A Haunting in Oshkosh (or, Offending the God of Grid Lines)

I recently told the Jarhead that when he dies, I intend to haunt him.

It may seem backward for me to haunt him when he’s gone since it’s usually the dead that haunt the undead. (Perhaps I should say the living, since—thanks to the likes of Anne Rice and Stephenie Meyer—we all associate ‘undead’ with vampires.  But, as usual, I digress.)

But if you think about it, it makes perfect sense for me to do the haunting while I’m still kicking. For one thing, if wait until I’m dead, I may not get the chance to haunt the man because he may not be alive to experience it. Even if I go first and he doesn’t immediately die of heartbreak the moment expire, I may not have the opportunity to haunt him. After all, if my death certificate buys me a ticket on the down elevator, I’ll be so busy grumbling about all the good and wonderful things that are happening to all my ex-friends and ex-boyfriends that I won’t have the time or energy to haunt anyone. And in the unlikely event that I somehow land a seat on the up elevator, it will only be because I became a better person in the intervening years, which means I will have lost my marbles and therefore won’t remember who the Jarhead is, much less that I wanted to haunt him.

And exactly why DO I want to haunt the Jarhead? you may be wondering. Based on everything I’ve written about him so far there would seem to be no motive for me to haunt the man. He’s a decent, hard-working, patient, practical kind of guy. The kind of man who never complains about the food or the condition of the house—even when he’s forced to eat leftovers for dinner three nights in a row because I’ve been at my desk all week trying to perfect a novel or hack out a new blog. The kind who wants only to be warm and comfy at home, and to get out in the woods once in a while to connect with nature or whatever.

So here it is: Although the Jarhead IS that guy, he STILL manages to get on my nerves now and then. Yes, even Mr. Clean Marine has those moments when I could just clobber him. Until recently, it used to happen quite regularly. In fact, due to some phenomenon I have yet to discover and in which scientists have yet to take even a passing interest, for a number of years he seemed to be the most clobberable about every 29 days and for about two days straight. It was eerily predictable, and frustratingly unexplainable.
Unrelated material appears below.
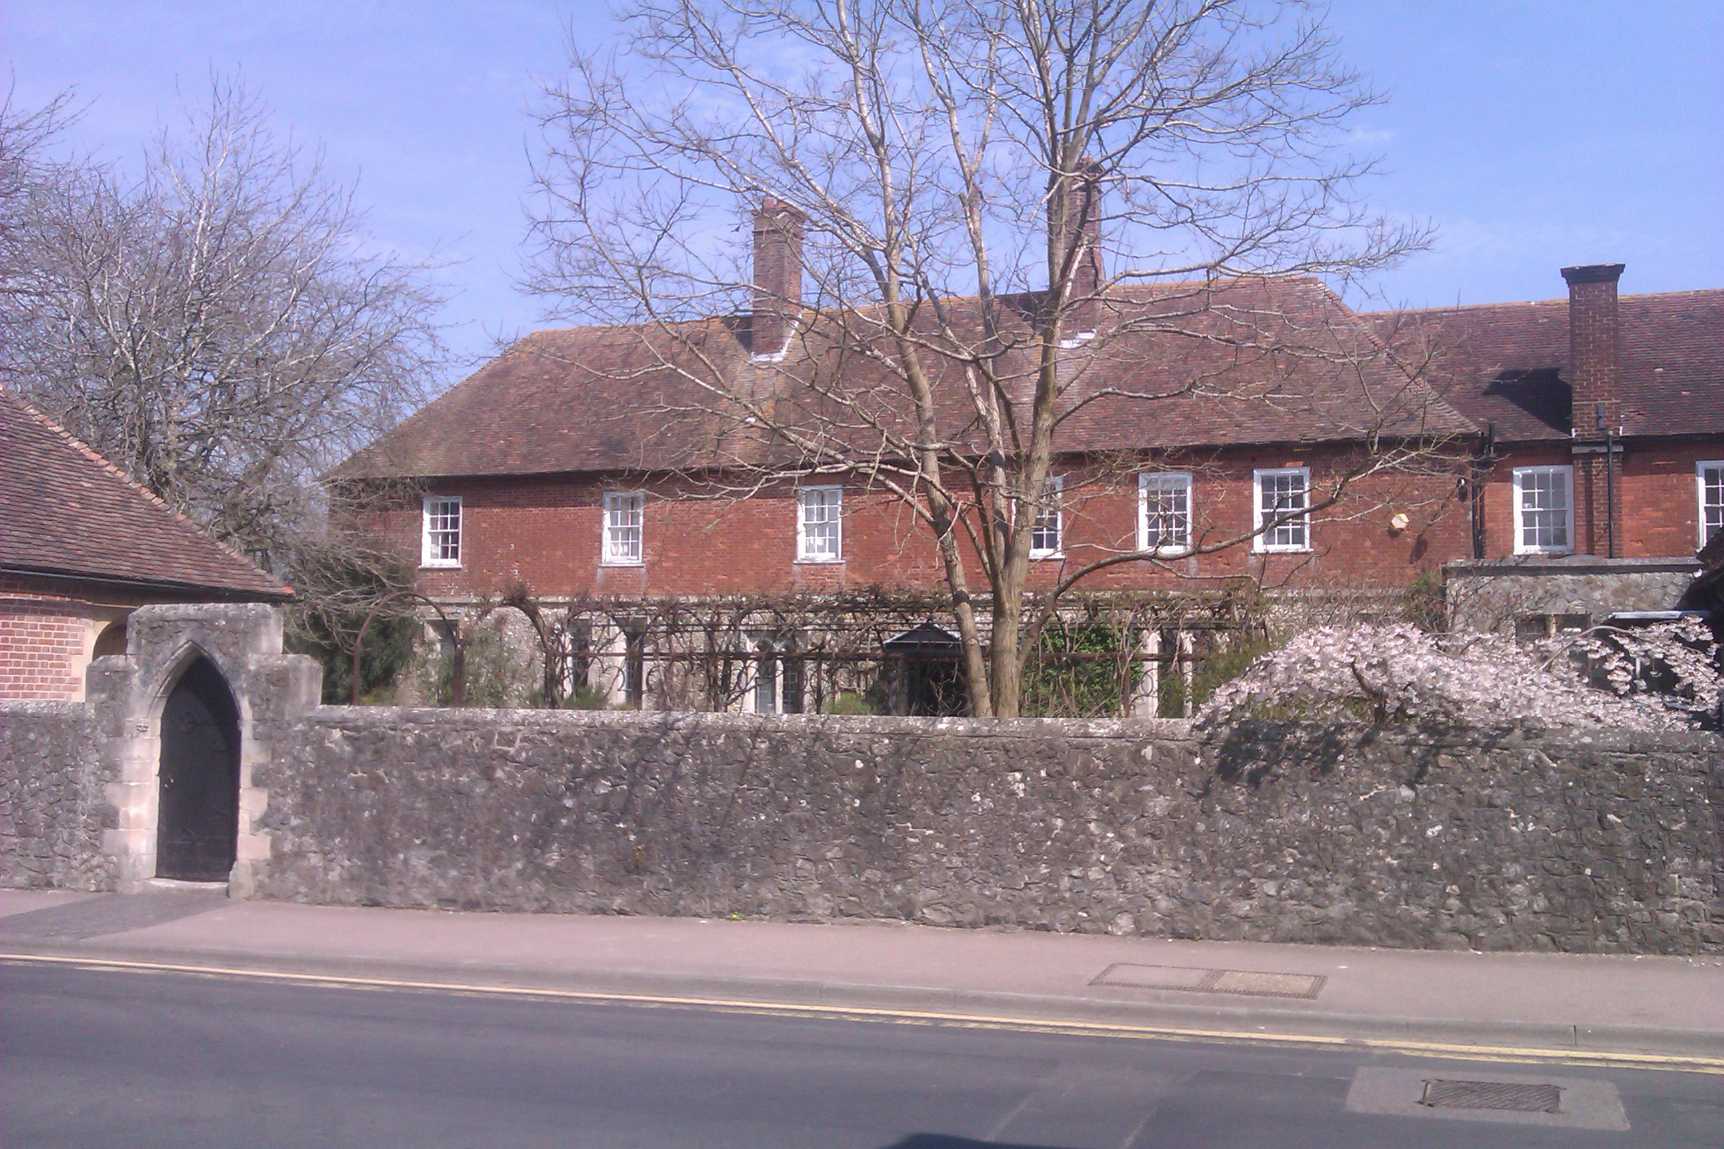 Wye College photos-7.jpg
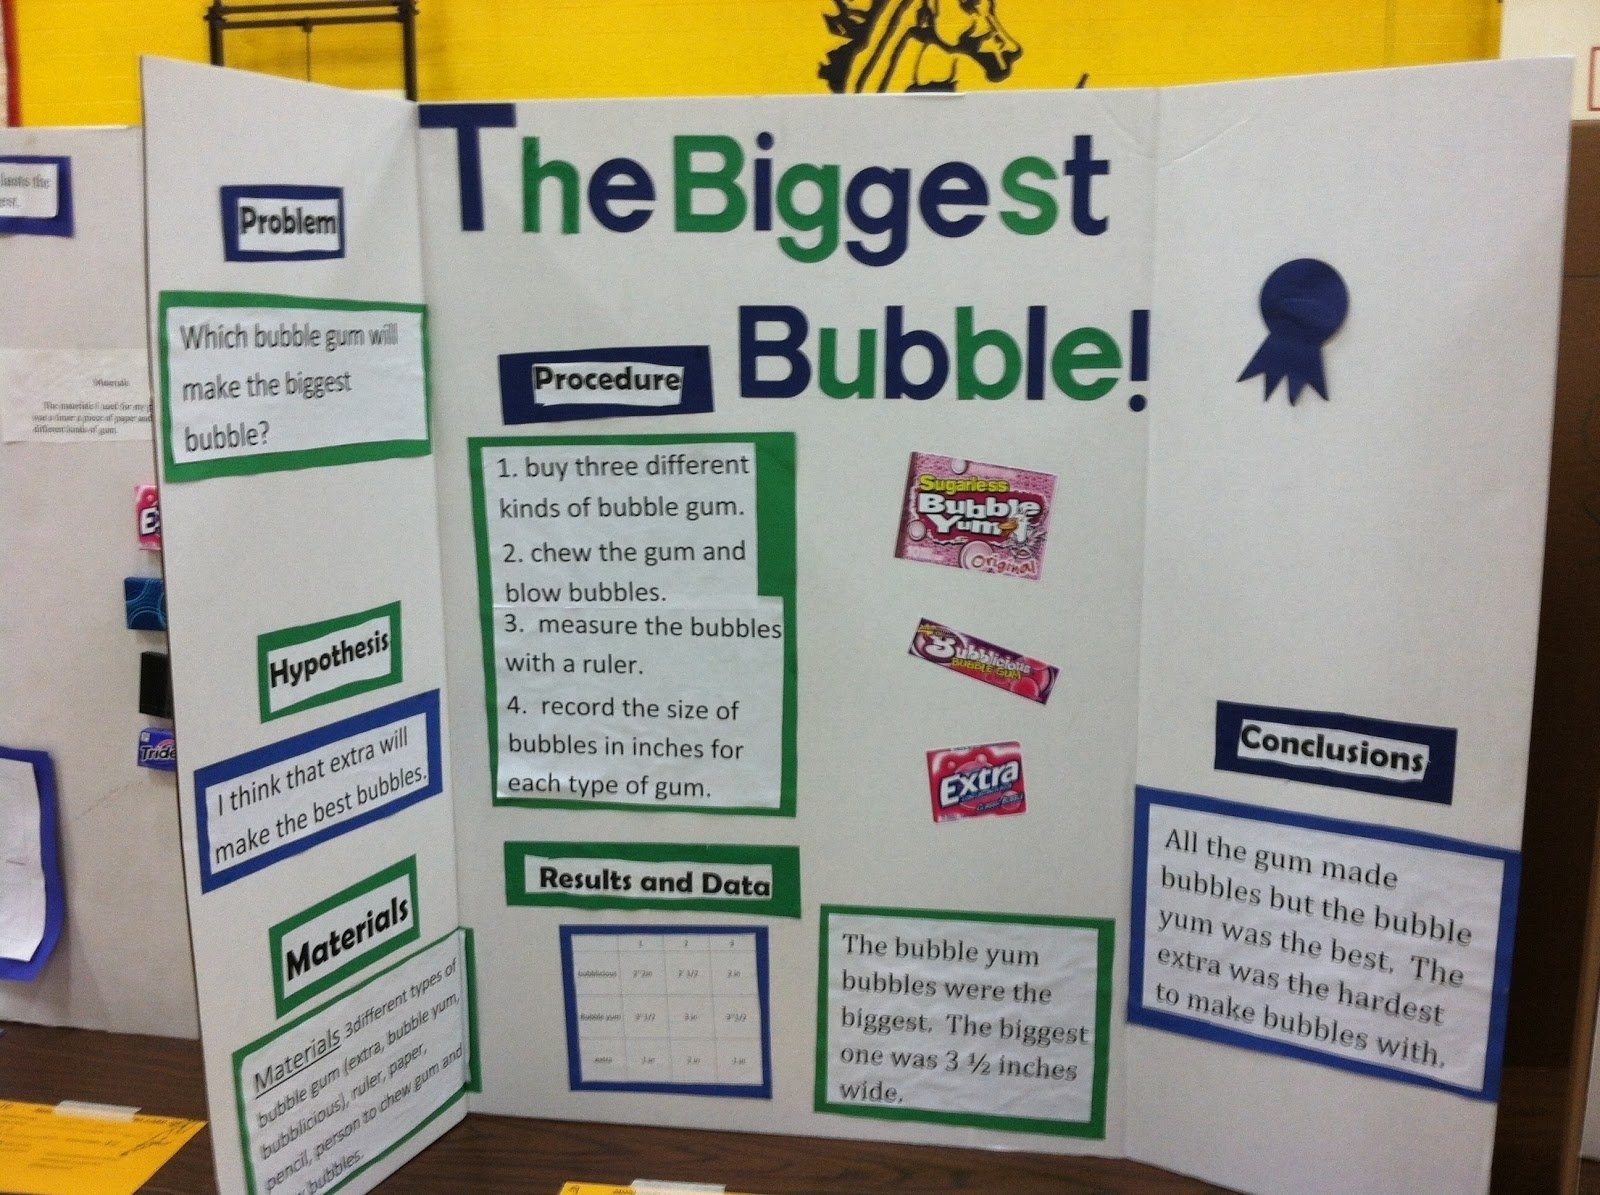 10 Beautiful Fifth Grade Science Project Ideas easy 7th grade science fair projects coursework help 23 2021

But while I may have violent thoughts, I do not believe in violent action. I much prefer a passive approach to problems. That’s why, in our younger days, he routinely would lose his keys or misplace his comb within ten hours of committing a clobberable offense. This, too, was an uncanny coincidence, I would have said then—were it possible for me to do so with a straight face. The keys would always turn up within a few minutes—behind the dresser, under a couch cushion, or wherever I had put them during my fit of pique—and we would laugh together and blame the cats. Unfortunately, we were oddly cat-less for a while in 1996, so I had to give up that tactic and find a more reliable form of agitation.

And with this haunting idea, I think I’ve found it. Oh, sure, I’ll have to wait until he’s gone to make up for years of monthly clobbering offenses. And while I honestly hope I’ll be waiting many more years to exact my revenge, what fun I intend to have—after an acceptable period of mourning, of course.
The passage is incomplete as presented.